FIGS. 4 through 6 show the vacuum pick-up device 111 with a curb and/or crack sweeper 135 in a partially extended position and fully extended position. Like the vacuum pick-up devices 111, the curb sweeper 135 may be retracted when not being used. The operator of the truck controls the position of the curb sweeper 135 via a control panel or system.
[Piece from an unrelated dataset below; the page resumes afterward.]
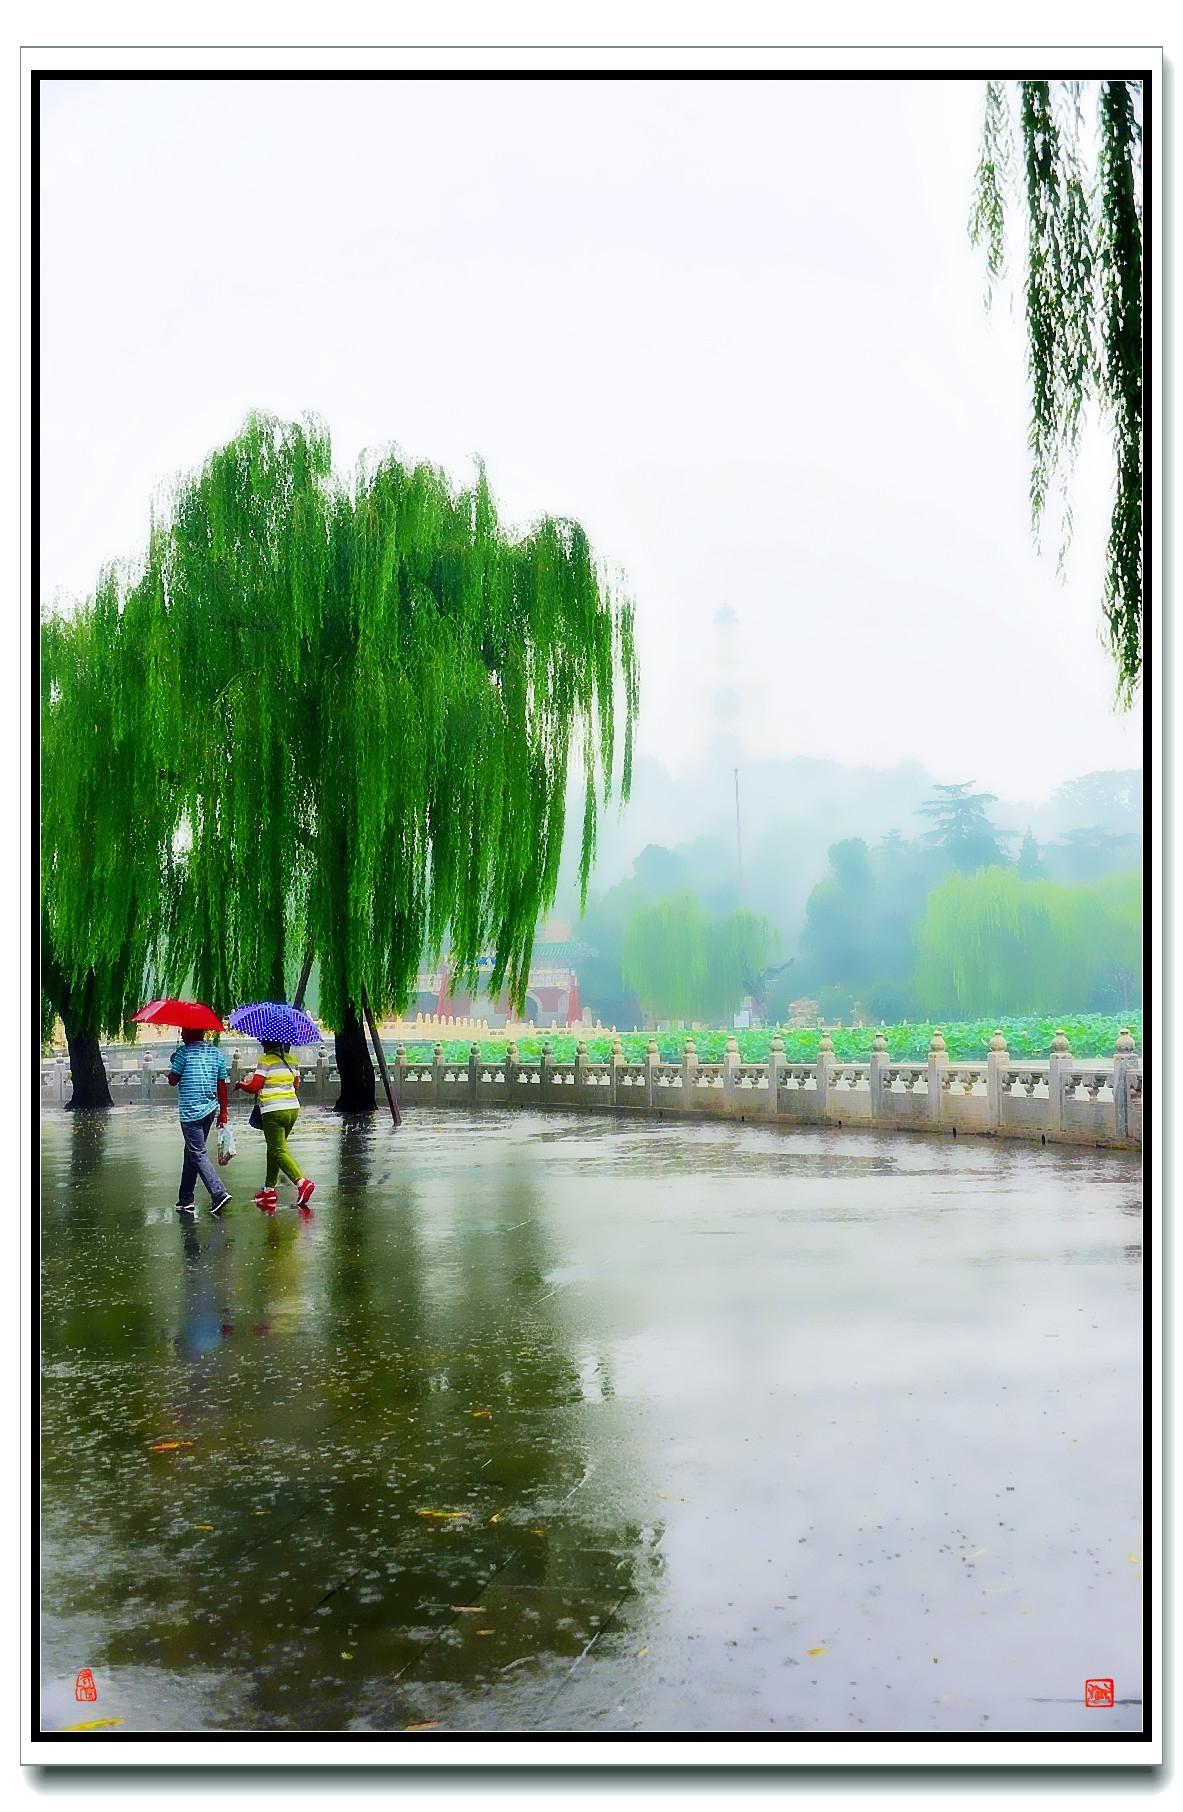 老张喜爱摄影作品:白塔蒙蒙细雨中
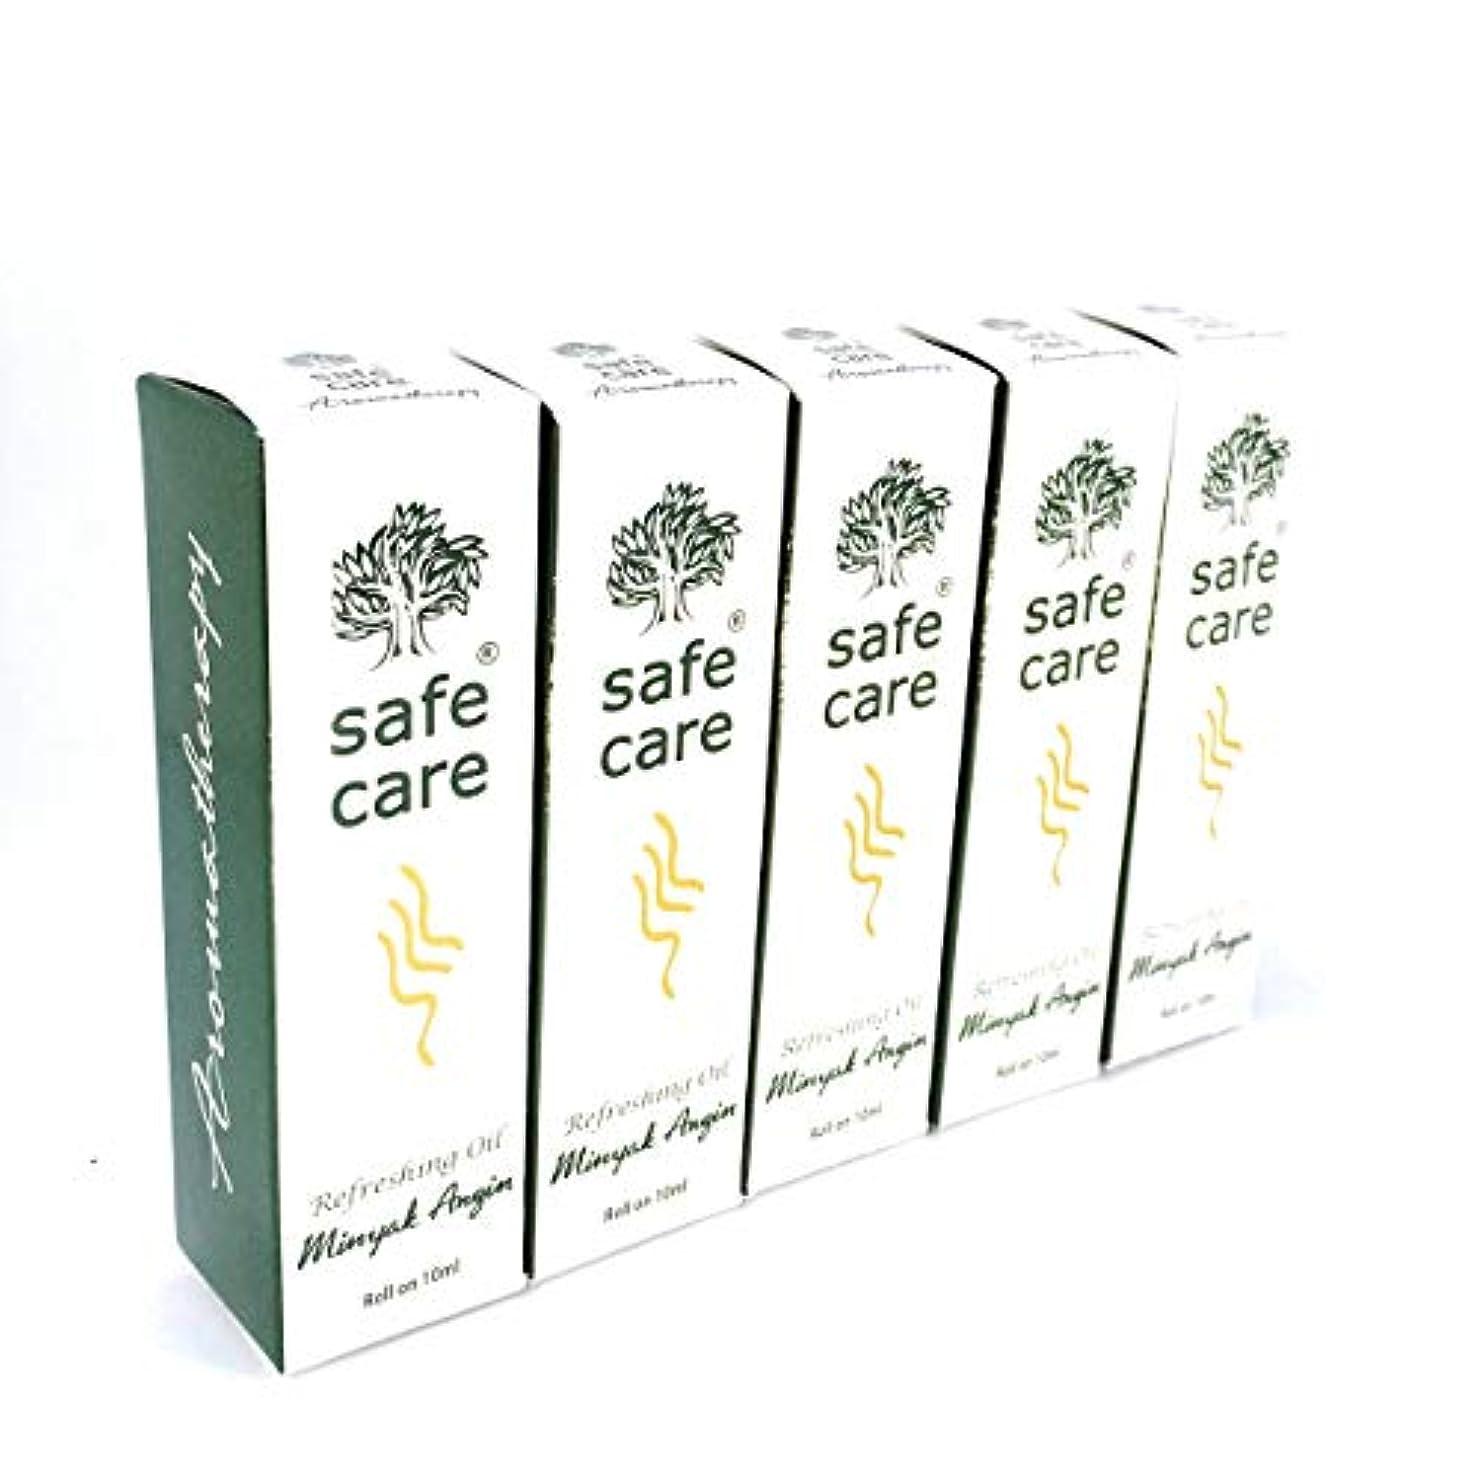 ブーム縁石君主制Safe Care セイフケア Aromatherapy Refreshing Oil アロマテラピー リフレッシュオイル ロールオン 10ml × 5本セット [並行輸入品][海外直送品]

A curb sweeper duct 136 extends from the curb sweeper 135 to the debris container 120. The curb sweeper 135 may use the same fan 107 which creates the suction for the vacuum devices 111 or a separate dedicated fan or vacuum system.

In one embodiment of the present invention, the truck supporting the vacuum system 100 is able to travel at 4-5 mph while cleaning a subject surface.

Although the invention has been described in detail with reference to several embodiments, additional variations and modifications exist within the scope and spirit of the invention as described and defined in the following claims.

Claims

1. A surface cleaning system comprising:

a vacuum source;

a compressor;

a debris container;

one or more vacuum pick-up devices in communication with said vacuum source;

one or more debris ducts leading from said one or more vacuum pick-up devices to said debris container;

one or more air nozzles positioned proximate said one or more vacuum pick-up devices and positioned to disrupt debris proximate the vacuum pick-up devices, said one or more air nozzles further positioned such that ejected air initially contacts a surface beneath openings of said one or more vacuum pick-up devices to disrupt debris directly beneath said openings.

2. The system of claim 1 wherein the one or more vacuum pick-up devices include an elongated housing.

3. The system of claim 2 wherein said one or more air nozzles are positioned near or along a trailing edge of the housing and directed forward.

4. The system of claim 3 further comprising a flap positioned along a leading edge of the housing.

5. The system of claim 2 wherein said one or more air nozzles are positioned near or along a leading edge of the housing and directed rearward.

6. The system of claim 3 further comprising a flap positioned along a trailing edge of the housing.

7. The system of claim 1 wherein the debris container includes one or more air filters.

8. The system of claim 1 wherein said debris container includes one or more exhaust openings.